The Penobscot Wherry from Cottrell Boatbuilding of Searsport, Maine, is based on the Lincolnville salmon wherry, a beamy high-volume boat used to remove salmon from weirs in the days when there was a commercial salmon run on Maine’s Penobscot River. “Wherry” is a nebulous term generally used to describe a relatively light rowboat. This particular wherry has a narrow, flat bottom with lapstrake sides, making it a specialized type of round-bottomed dory. “Bottom board” boats such as this one are found all along the Atlantic coast, both with transoms and pointed sterns; these boats include sea skiffs in New Jersey, tuckups and duckers on the Delaware, Staten Island skiffs, and Great South Bay's Seaford skiffs. This general hull form is also found inland in Adirondack guideboats. The common element among all of these boats is a flat bottom board in place of a timber keel—a feature that allows the boat to sit upright when pulled up onto a beach or trailer.

The shapely wineglass transom tapers down to the garboards and the waterline of a double-ender.all photographs by Matthew P. Murphy

The shapely wineglass transom tapers down to the garboards and the waterline of a double-ender.

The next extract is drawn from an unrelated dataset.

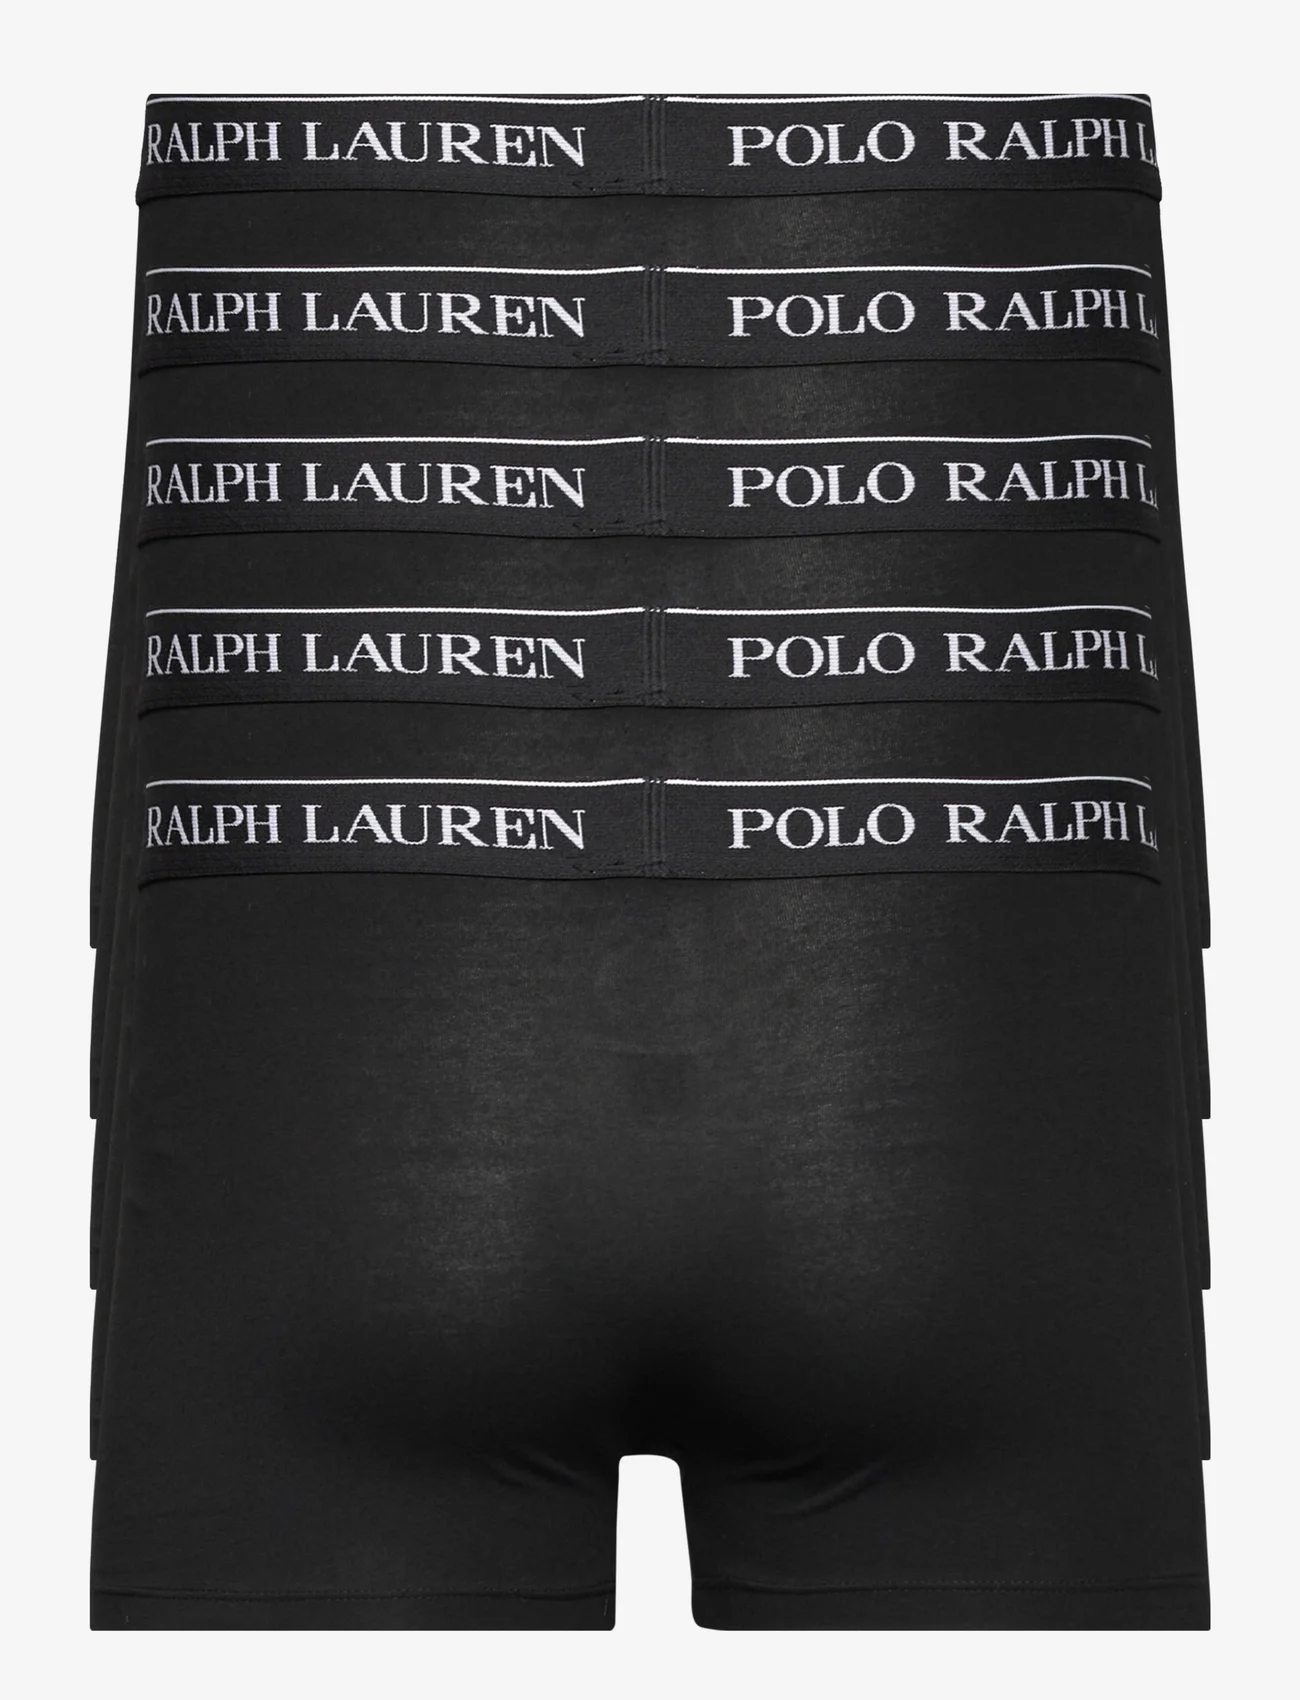 Polo Ralph Lauren Underwear - Classic Stretch Cotton Trunk 5-Pack - majtki w wielopaku - 5pk black - 1

Transom-sterned boats of this family have a narrow “boxed” stern with the garboards coming into the keel at almost 90 degrees, creating a hollow skeg at the stern below the water, and a wineglass shape above. For the Penobscot Wherry, builder Dale Cottrell had naval architect Richard Lagner work up the basic design. The resulting shape is elegant. At the waterline the hull is double ended. A raked, curved stern is both pleasing to the eye and useful in a following sea, lifting much more readily to waves than the squared-off stern of most rowing boats. The rake in the stern is complemented by an easy curved raking stem, a shape that makes it possible to work a little flare into the bow, which helps keep the boat dry when rowing to windward.